I've spent over two decades transforming contact center operations using data, AI, and performance intelligence. At AmplifAI, we're on a mission to help organizations understand and improve every customer conversation—and ultimately, every conversation that drives their business.

Want to Learn More?

Discover how AmplifAI connects AI-powered insights with actionable performance improvements across your entire organization.

Explore AmplifAI
👋 Still Here?

I see you're the type who reads to the end. Good. Here are a couple more nuanced takes that didn't quite fit the main narrative but are worth understanding if you're serious about this stuff.

The Real Danger of Isolated Quality Data

When quality data sits in a silo—disconnected from CRM, surveys, workforce data, and business outcomes—you lose the ability to connect cause and effect.

To be honest, you probably have most of your data separated from everything else. It's all sitting in silos—not just quality data. And that's a challenge in most organizations today. You can't connect the dots between why customers are giving you bad survey results, what's happening in your quality scores, what they're actually saying on calls, and what the CRM shows is happening in their account—whether they're buying more, churning, or disconnecting. They're all separate data sources with separate feeds.

Without integration, you can see what is happening, but you can't understand why—or more importantly, what to do about it.

You need AI to connect all those dots. Each system has its own small piece of the story, but when you connect them, you get the truth. And once you have that truth, you can finally take real action.

⚠️ Reality Check

If your quality insights don't connect to coaching workflows, performance data, or customer sentiment, you're measuring in a vacuum. Quality scores alone don't drive improvement—action does.

What About CCaaS Vendors Adding AI QA?

Many contact center platforms are now rolling out built-in AI-powered QA features. I see both pros and cons with this approach.

The Good:

The positive is the calls are already sitting there in the platform, so you don't need to worry about getting call access from a third party. There are limited security challenges since calls aren't being sent to another application.

For organizations with simple needs—basic compliance checks, straightforward scorecards—these built-in tools can work just fine. If you need auto QA for very simple, repetitive tasks, it's probably perfectly good enough.

The Bad:

The CCaaS platforms aren't really analytics organizations. They can build a form fairly easily. But for anything complex—anything that requires a future-forward vision like turning all this into analytics that can actually help your business and connect it to your other data—that's definitely not something that can be done there.

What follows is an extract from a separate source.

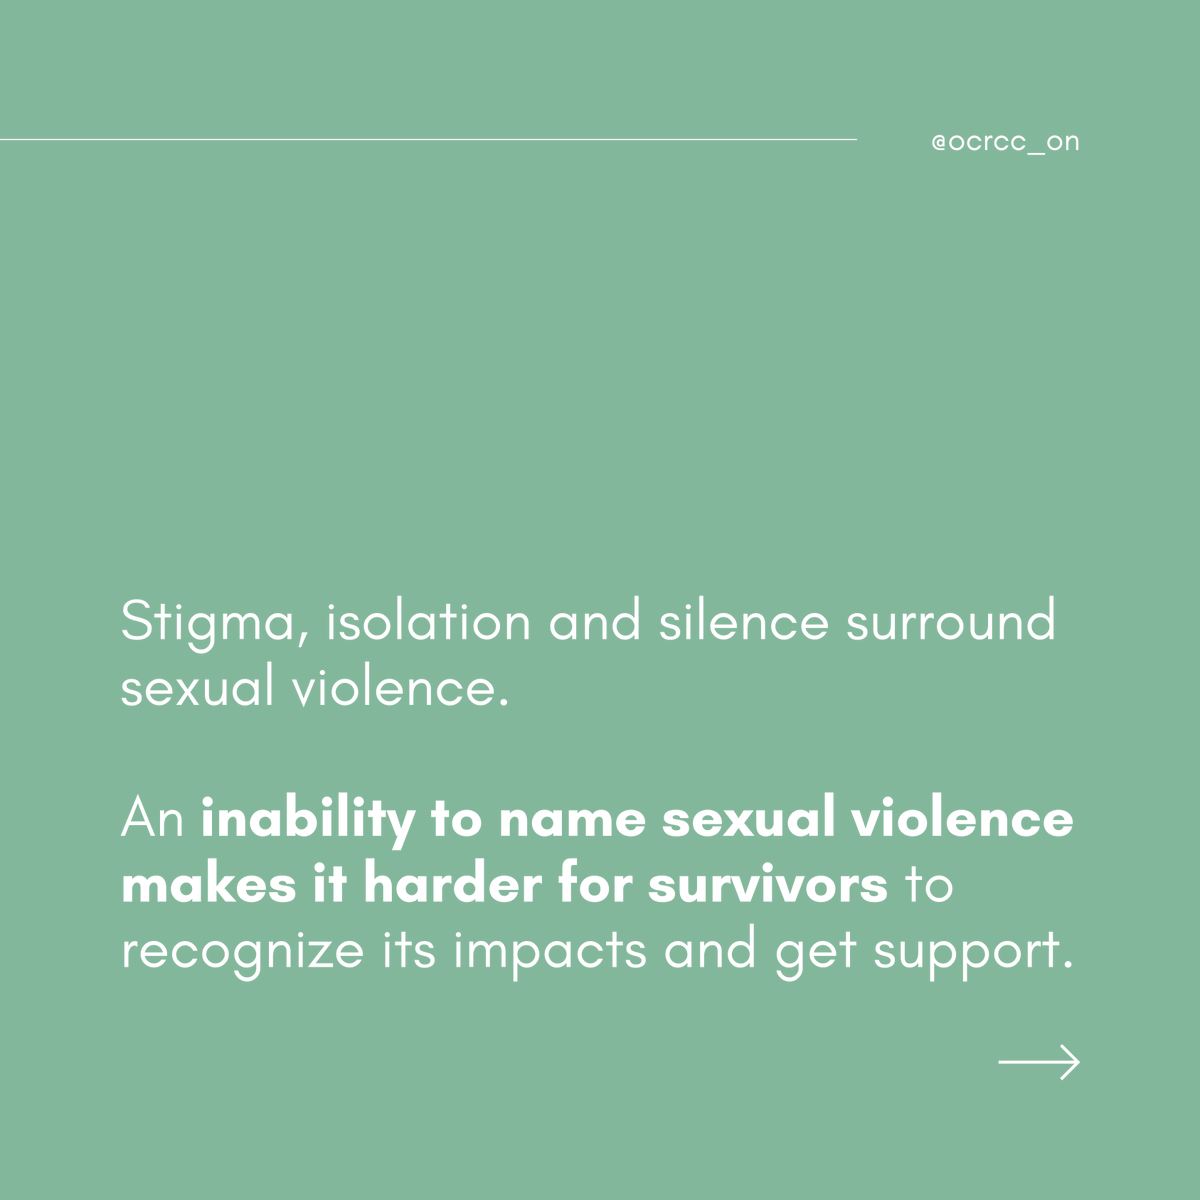 Many high-profile sexual violence cases have occurred over the last few years. Sexual violence must be a part of the National Action Plan to End Gender-Based Violence. 🔗 Read all our recommendations for Ontario’s next steps at: tinyurl.com/25mpcd8t

The limitation isn't technical—it's strategic. CCaaS platforms are built to handle calls, not to orchestrate intelligence across systems.

The only data they have access to is their own data, and they're not data integration or AI integration organizations. They won't be able to connect to the rest of your systems. If you have complex needs, need more intelligent analysis, and need to connect insights to other data sources and action them across multiple teams—not just the people using the CCaaS platform—those tools probably won't cut it.